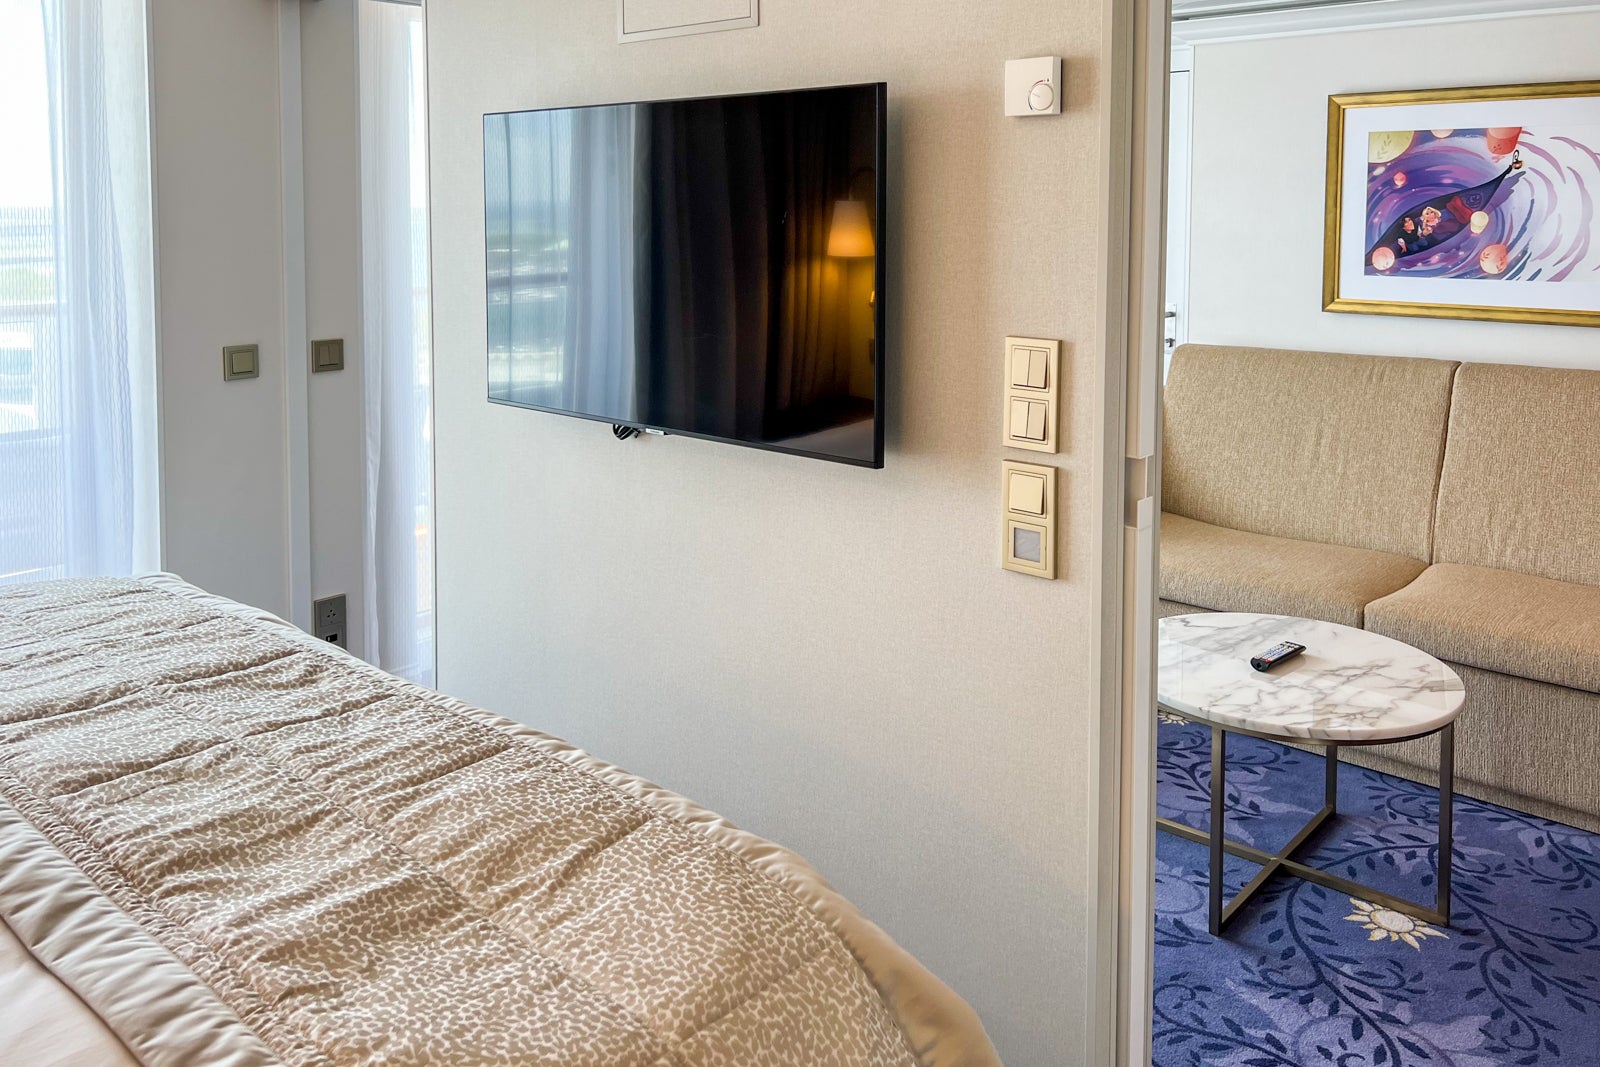 disney cruise 3 bedroom suite
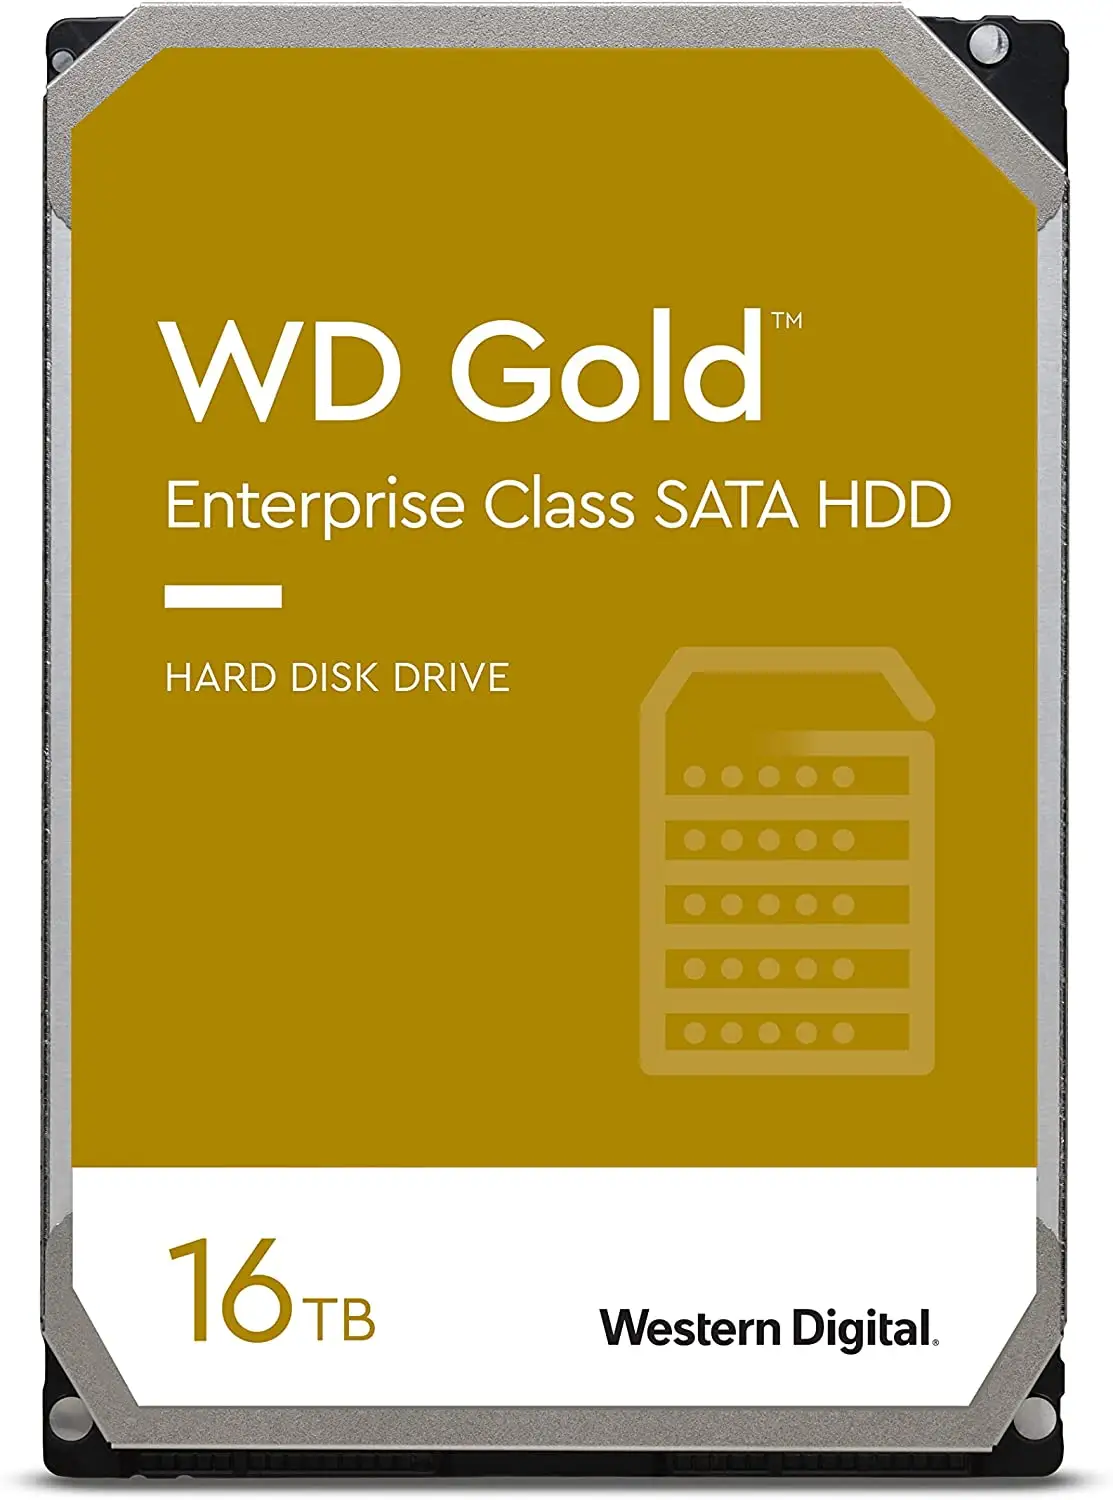 16TB Western Digital WD Gold Enterprise Class 3.5" 7200 RPM Internal Hard Drive
      
              EXPIRED

========

Omit every picture while printing the data word for word.

• [Exercise solution]
 disney cruise 3 bedroom suite
 16TB Western Digital WD Gold Enterprise Class 3.5" 7200 RPM Internal Hard Drive
      
              EXPIRED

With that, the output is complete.